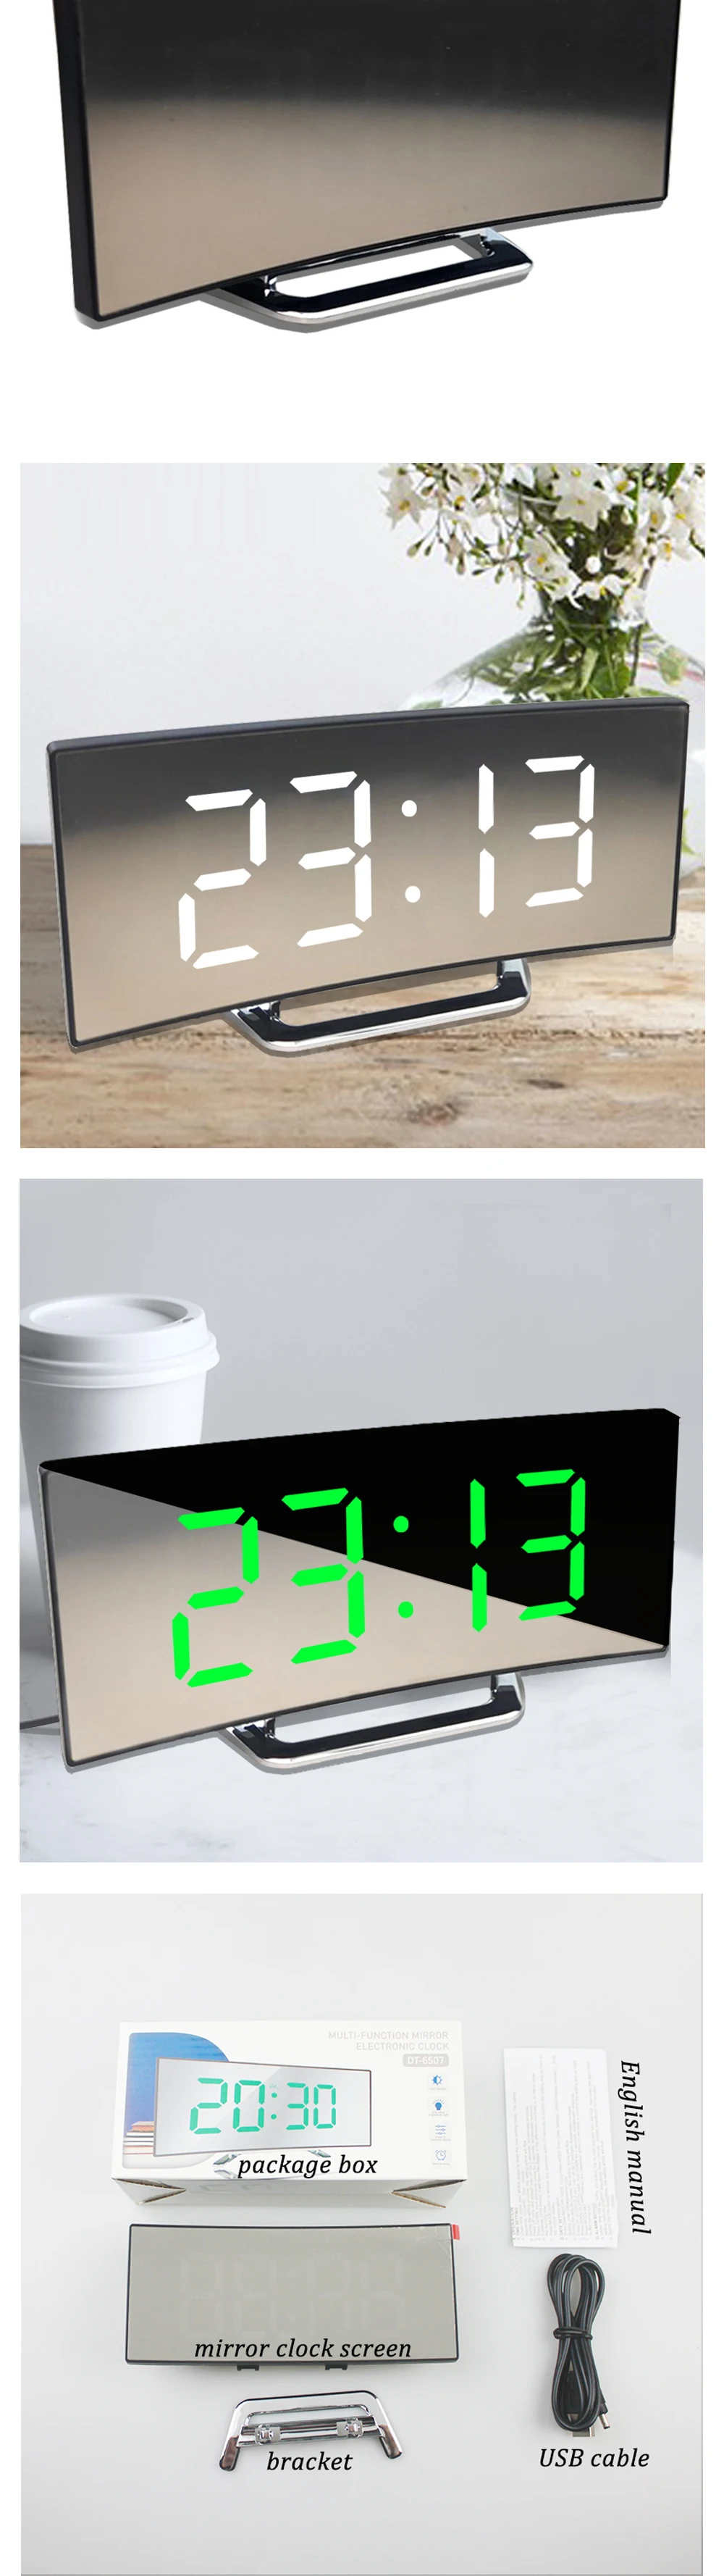 Digital Alarm Clock Alarm Clocks for Kids Bedroom Temperature Snooze Function Desk Table Clock LED Clock Electronic Clock Table
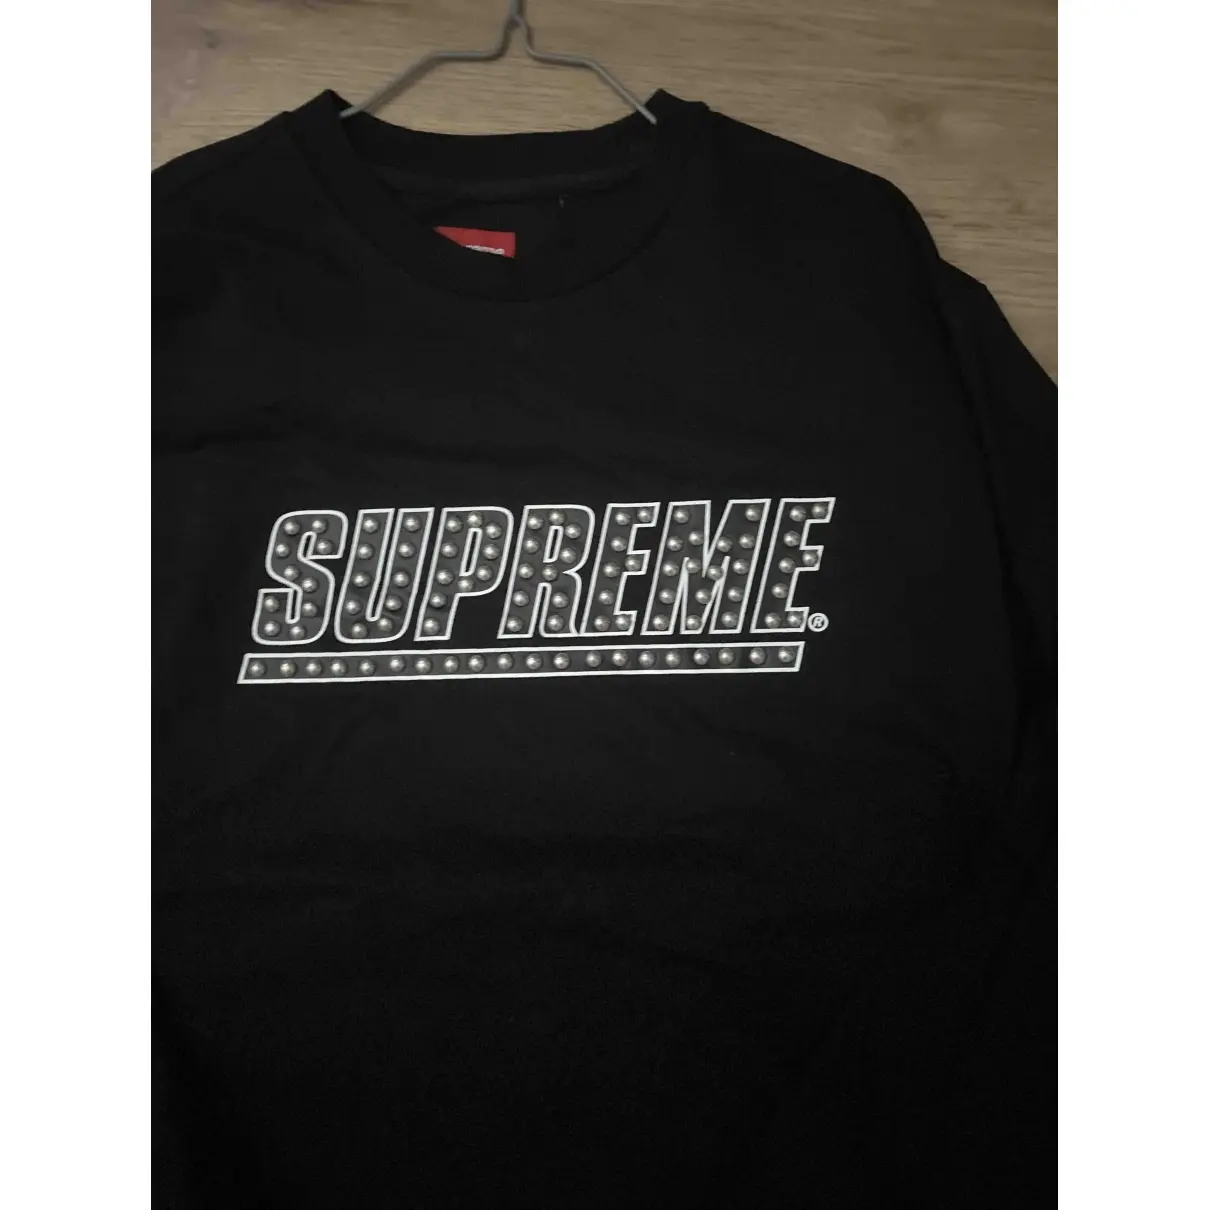 Supreme T-shirt for sale
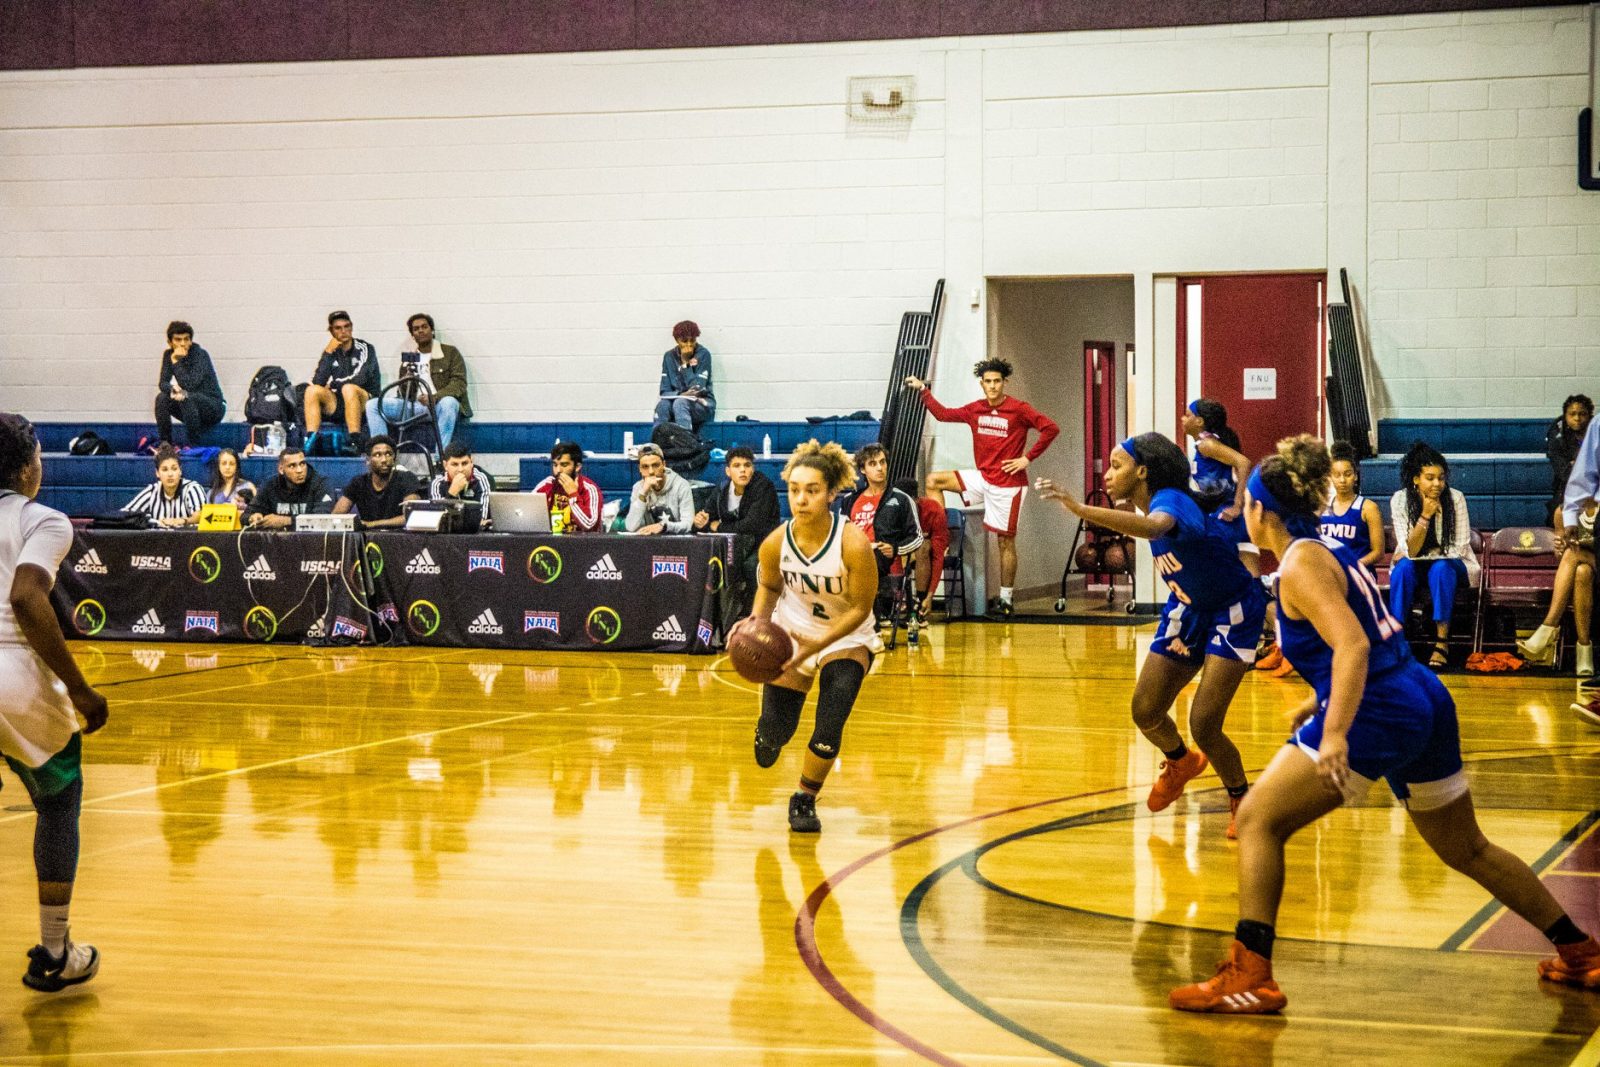 Women's basketball player Adria Stewart dribbling the ball
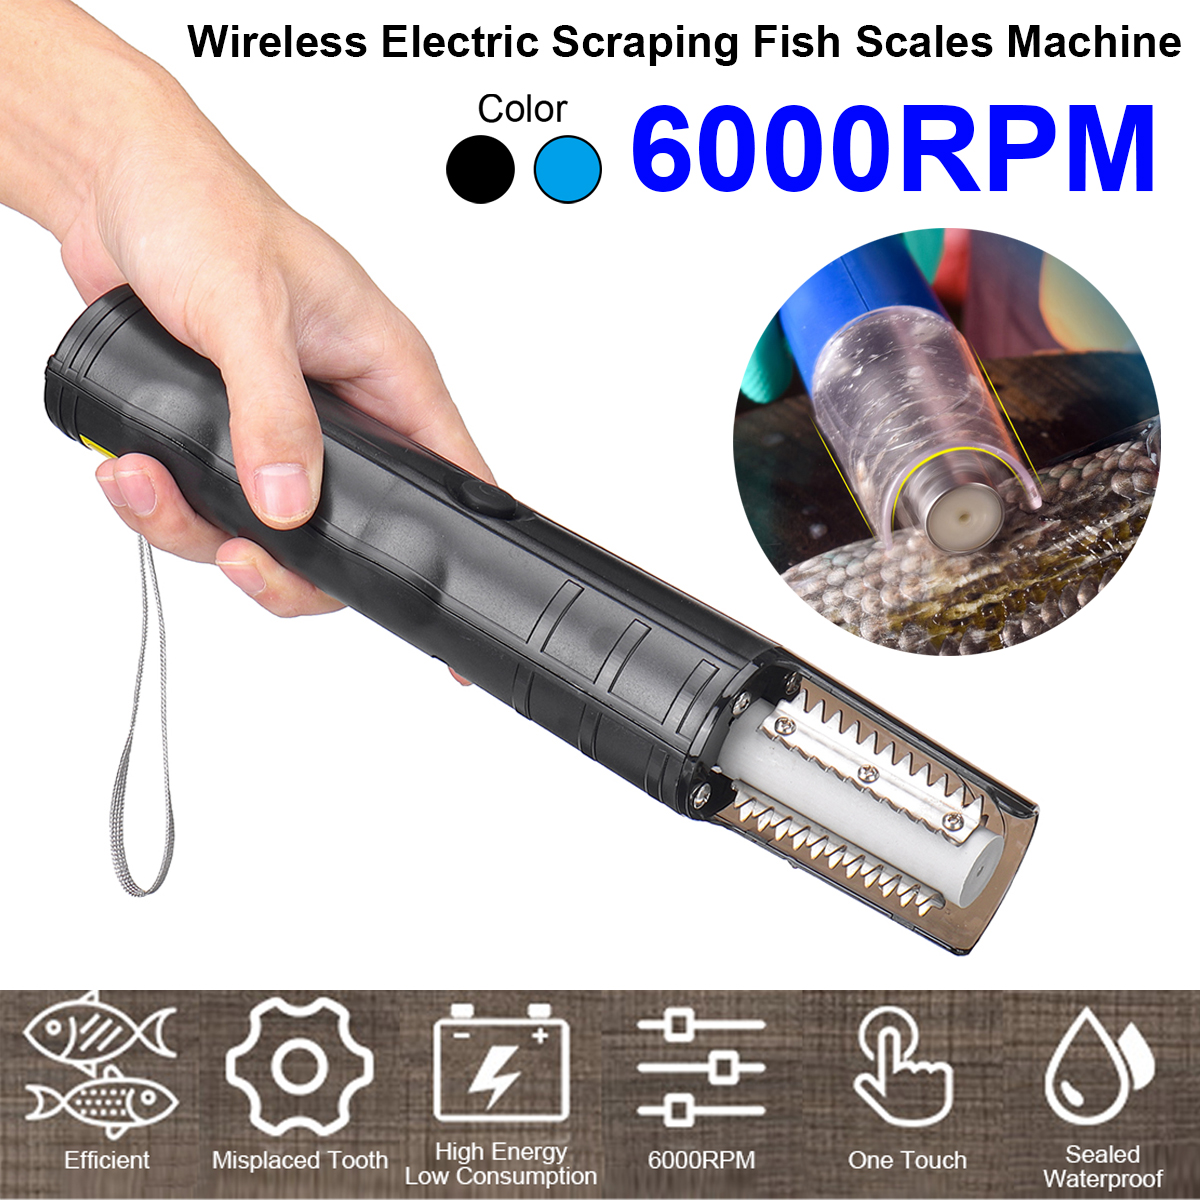 6000RPM-Wireless-Electric-Fish-Skin-Scale-Brush-Scraping-Remover-Peeler-Machine-1744029-2
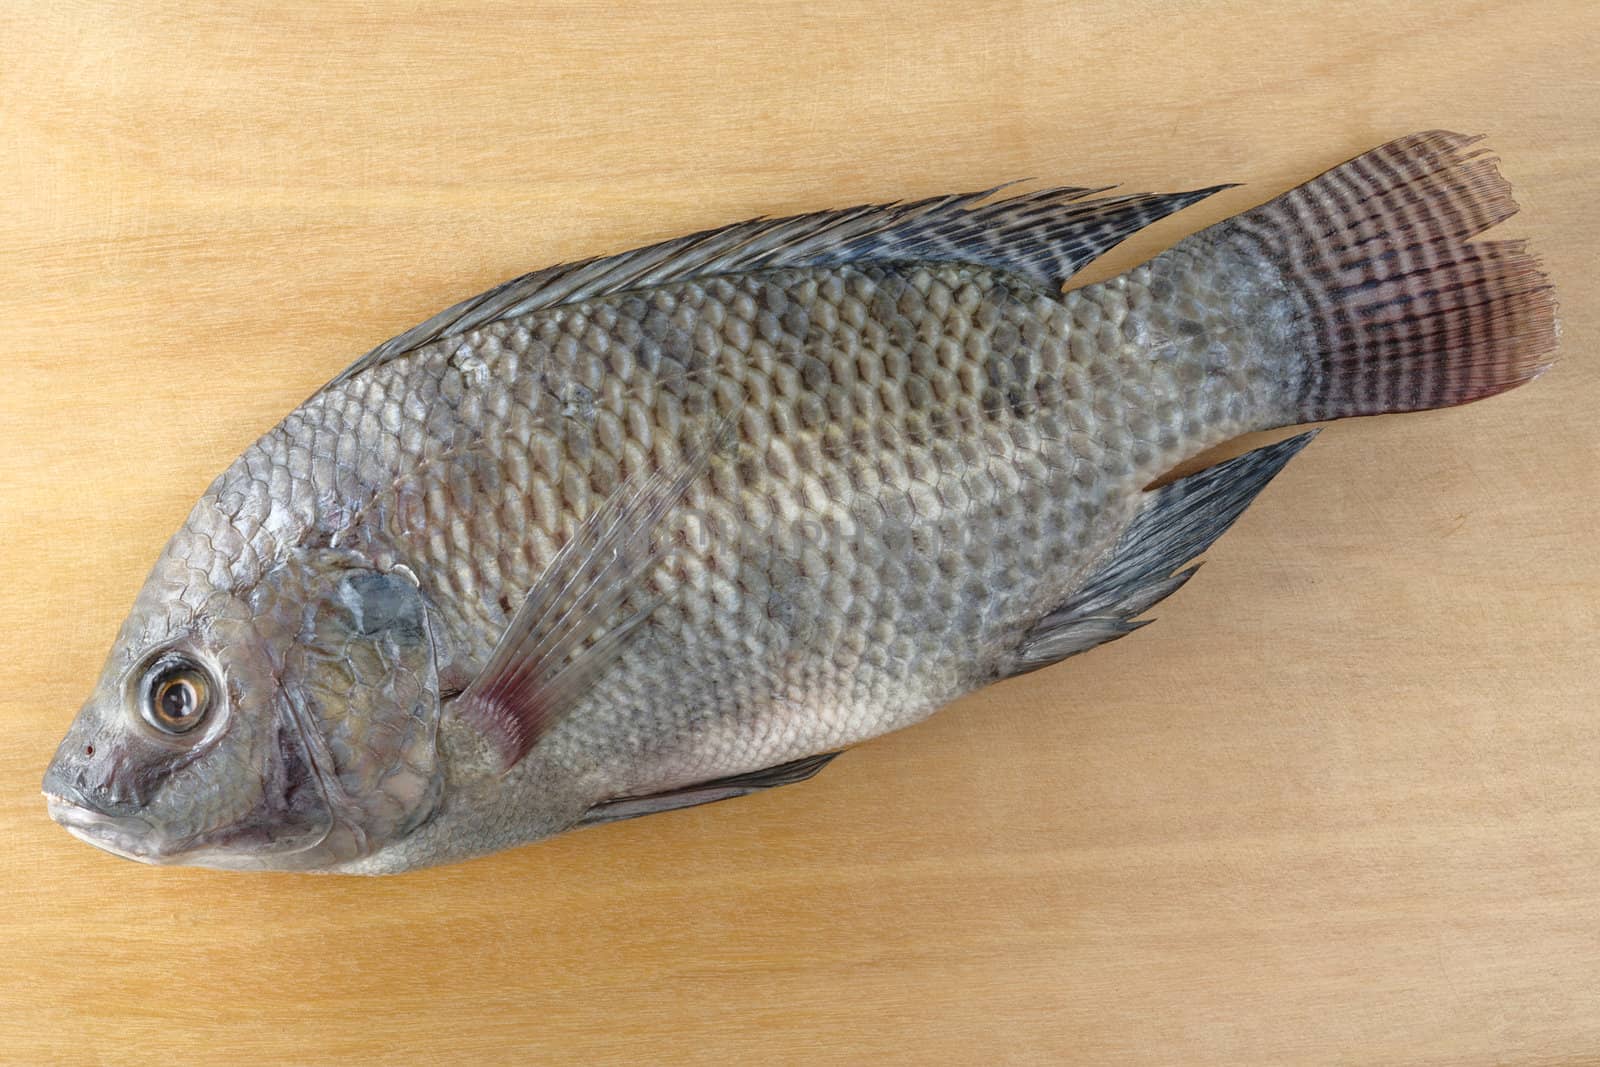 Fish Called Tilapia by ildi

========

Assignment: The records above are to be repeated exactly, with the pictures left out.

Finished exercise:
 Digital Alarm Clock Alarm Clocks for Kids Bedroom Temperature Snooze Function Desk Table Clock LED Clock Electronic Clock Table
 Supreme T-shirt for sale
 Women's basketball player Adria Stewart dribbling the ball
 6000RPM-Wireless-Electric-Fish-Skin-Scale-Brush-Scraping-Remover-Peeler-Machine-1744029-2
 Fish Called Tilapia by ildi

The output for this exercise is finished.